How do I calculate the probability of getting a 5 card straight in 7 card poker?

Question

So here's my progress on this problem. The first straight to examine is $\begin{pmatrix} A & 2 & 3 & 4 & 5 & n & m\end{pmatrix}$. If we start with all one suit, there are $\binom{47}{2}$ ways to obtain this hand. Next, we iterate through the suit of one card, say, the Ace, and we have $\binom{46}{2}$, then $\binom{45}{2}$, then $\binom{44}{2}$ ways to obtain this hand without repeating previous hands. To iterate through all suits of all cards, take the sum \begin{equation} \sum_{k,l,m,n,p=0}^{3}\binom{47-k-l-m-n-p}{2} \end{equation} and subtract $4\binom{47}{2}$ to discount straight flushes. Next, to count the hands of $\begin{pmatrix} 2 & 3 & 4 & 5 & 6 & p & q\end{pmatrix}$, $\begin{pmatrix} 3 & 4 & 5 & 6 & 7 & r & s\end{pmatrix}$, etc., we start with $\binom{43}{2}$ to obtain the first hand, so as not to double count hands of the form $\begin{pmatrix} A & 2 & 3 & 4 & 5 & 6 & m\end{pmatrix}$. Therefore we add 9 hands of the following form, subtracting the possible straight flushes. \begin{equation} 9 \left( \sum_{k,l,m,n,p=0}^{3}\binom{43-k-l-m-n-p}{2}\right) - 9\binom{46}{2} \end{equation} These sums may be reduced to one dimension by observing that the weight of each possible sum, r, for $k+l+m+n+p=r$ is equivalent to the coefficient of each term $x^r$ in the expansion $(x^0+x^1+x^2+x^3)^5$. The problem is that these equations describe 6412688 possible straight hands while there should be 6180020 possible hands (according to Wikipedia). I can not for the life of me figure out what hands I am double counting here. Any help is appreciated.

Answer 1

Well, in an ordinary 7-card poker, the standard deck card number is 52. I’ll do the calculations with that value. If you want to make it with another one, just replace it. This being said:

$\binom{52}{7}$ is the number of possible combinations of hand drawings in a 7-poker (please, excuse me if do not use poker’s terminology: i do not know it). If you want to get straights, you need 5 consecutive cards of any suit. There are four suits, so you have $4^5$ possible distinct suit combinations (think how the possible bit strings are calculated in binary). There are 10 disctinct straight number combinations, including [10,J,Q,K,A]. Summing all up, you have an amount of $$C_{(5)}=10\cdot4^5$$ possible 5-card straights combinations.

To get the probability of getting a 5-straight in a 7-poker game, we must consider that every one of the $\binom{52}{7}$ combinations of hands can contain one, and only one of the 5-straight combinations, but some of the 5-straight combinations will be repeated on the set of possible hands (i.e. [A,2,3,4,5,Q,Q] and [A,2,3,4,5,K, K], all hearts).
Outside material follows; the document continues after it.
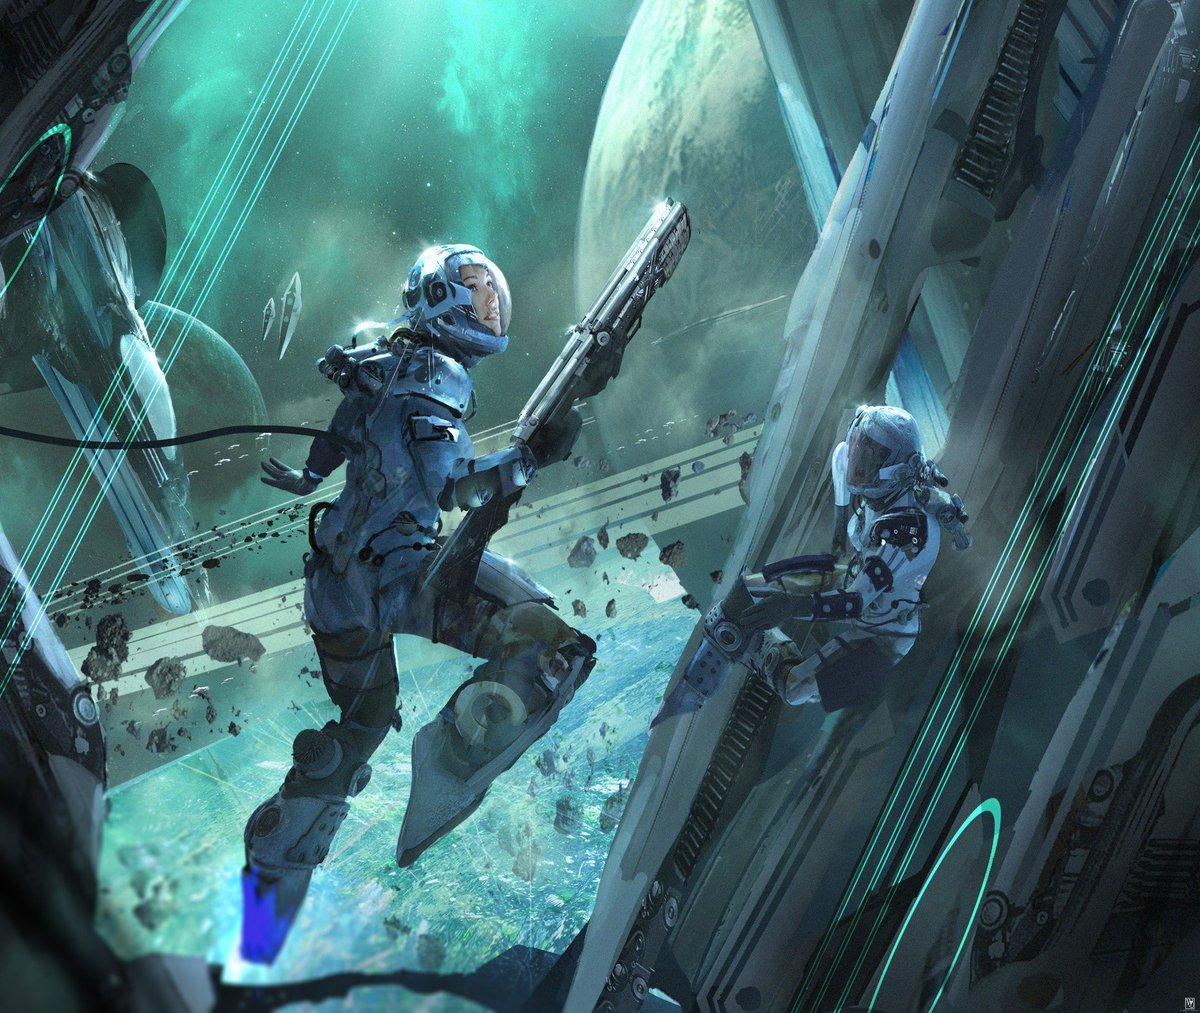 sci fi art - HD1920×1620

When we have a 5-straigth in our hand, we are left with $52-5=47$ cards on the deck. Every 5-straight combination is repeated for each possible combination of the 2 additional cards, so we can consider only two-card combinations. This means that the number of possible 5-straight combinations per 7-hand is: $$C_{(7)}=C_{(5)}\binom{47}{2}$$ And so, the probability of getting one 5-straigth on a 7-hand game is: $$\frac{C_{(7)}}{\binom{52}{7}}=\frac{10\cdot4^5\binom{47}{2}}{\binom{52}{7}}≈0.083$$ It’s not a horrible bet to do, having in account that this is a 8.3% chance of having a straight in your first hand-drawing.